If you haven’t used Excel to retrieve data from the Web, you might be surprised at how easy it is. I’m not speaking here of using your browser to get to a web page, selecting and copying some or part of its contents, and then pasting back into the workbook. I’m speaking of queries that can execute automatically and on a predetermined schedule, thus enabling you to walk away and let the computer gather data without you micromanaging it.

Suppose that you want to retrieve data from Amazon about a book entitled Statistical Analysis with Excel. You open a new workbook and rename an unused worksheet to something such as “Stats.”

Next, start your browser if necessary and navigate to Amazon’s page for that book. When you’re there, copy the page’s full address from the browser’s address box—drag across the address to highlight it and either press Ctrl + C or use the browser’s Edit menu to choose the Copy command.

Switch back to Excel and click the Ribbon’s Data tab. Click the From Web button in the Get External Data group. The New Web Query window displays as shown in Figure 1.1.

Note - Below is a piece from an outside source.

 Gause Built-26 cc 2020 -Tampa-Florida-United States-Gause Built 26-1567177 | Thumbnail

Figure 1.1 What you see at first depends on your browser’s home page.

Drag through the address that appears in the Address box and press Ctrl + V to paste the address you copied. When you click the Go button, the query window opens the Amazon page (see Figure 1.2).

Figure 1.2 Web pages sometimes consist of several tables, rectangular areas that divide the page into different segments.

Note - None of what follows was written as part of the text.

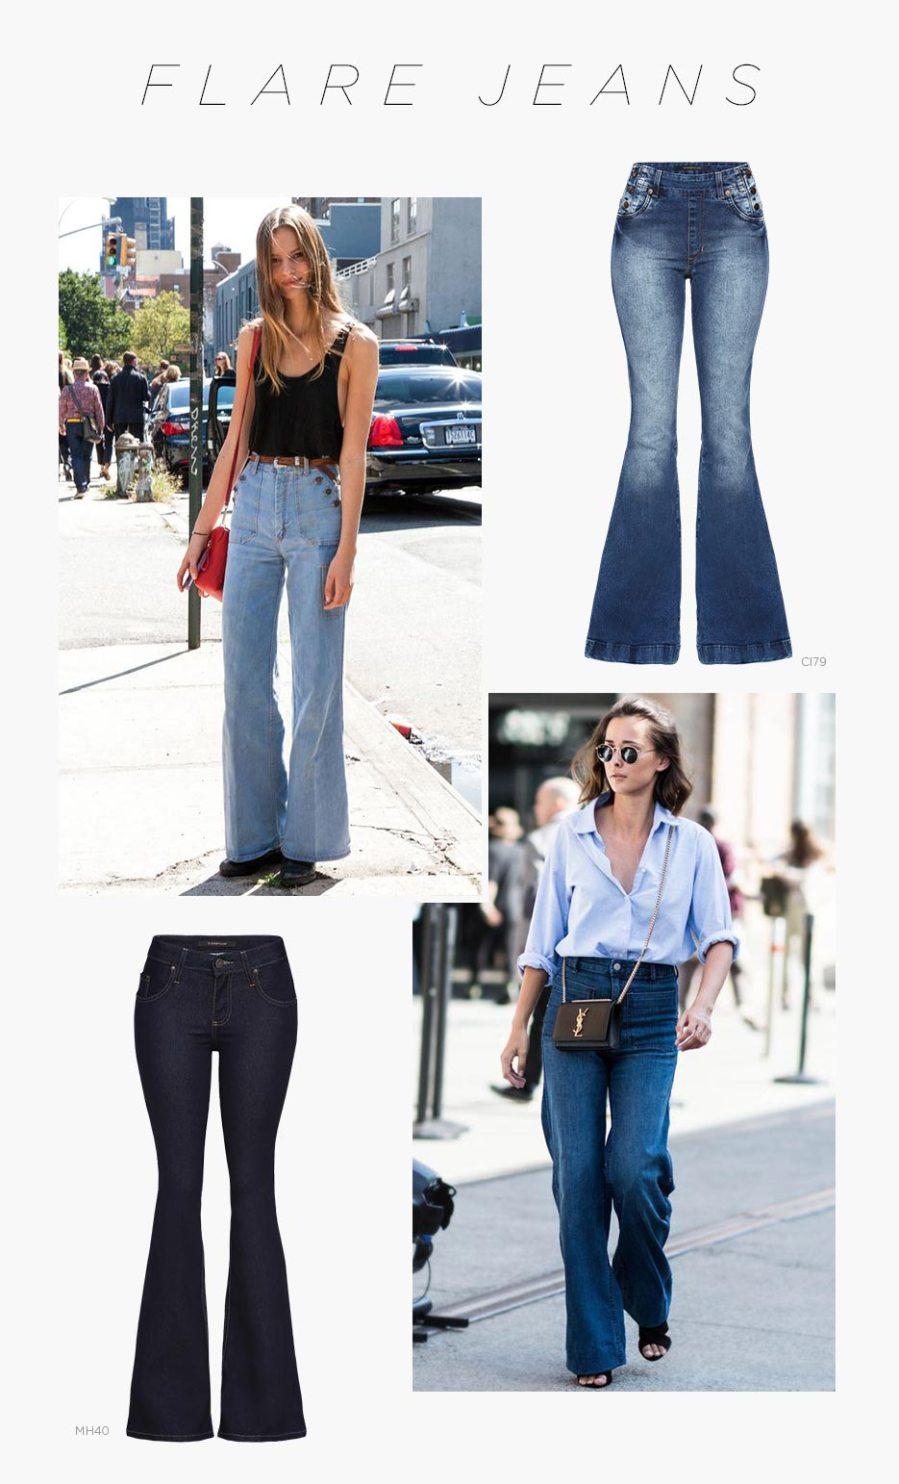 calça flare jeans estilo anos 70

Typically you see one, and sometimes more than one, square icon (a red arrow on a yellow background) that identifies the location of part of the web page, called a table. You can select a table by clicking its icon. When you click one of these icons to select it, the icon turns blue to indicate that you want to download the data in that table.

I recommend that you select the entire page by clicking the icon in the upper-left corner of the window. If you select only a table or tables that contain the data you’re interested in, it could easily happen that a day, week, or month from now the page might be changed, so that the data you want appears on the same page but in a different table. Then your query will miss the data.

But if you select the entire web page instead of just a table or tables, the page’s owner would have to remove the data you’re interested in completely for you to miss it, and in that case it wouldn’t matter how much of the page you selected to download.

The individual table icons are useful mainly when you want to do a one-time-only download from a web page. Then you might want to avoid downloading a lot of extraneous stuff that would just make it harder to find the data you’re after. In the type of case I’m describing here, though, you’ll let Excel do the finding for you.

Furthermore, you don’t save much time or bandwidth by selecting just a subset of the web page. In most cases you’re picking up a couple of megabytes of text at most in an entire page.

Speed of Execution

Nevertheless, you should be aware of a speed versus version tradeoff. I have learned that using Excel 2007 and more recent versions, web queries can take significantly more time to complete than in earlier versions of Excel. Among the changes made to Excel 2007 was the addition of much more thorough checks of the data returned from web pages for malicious content.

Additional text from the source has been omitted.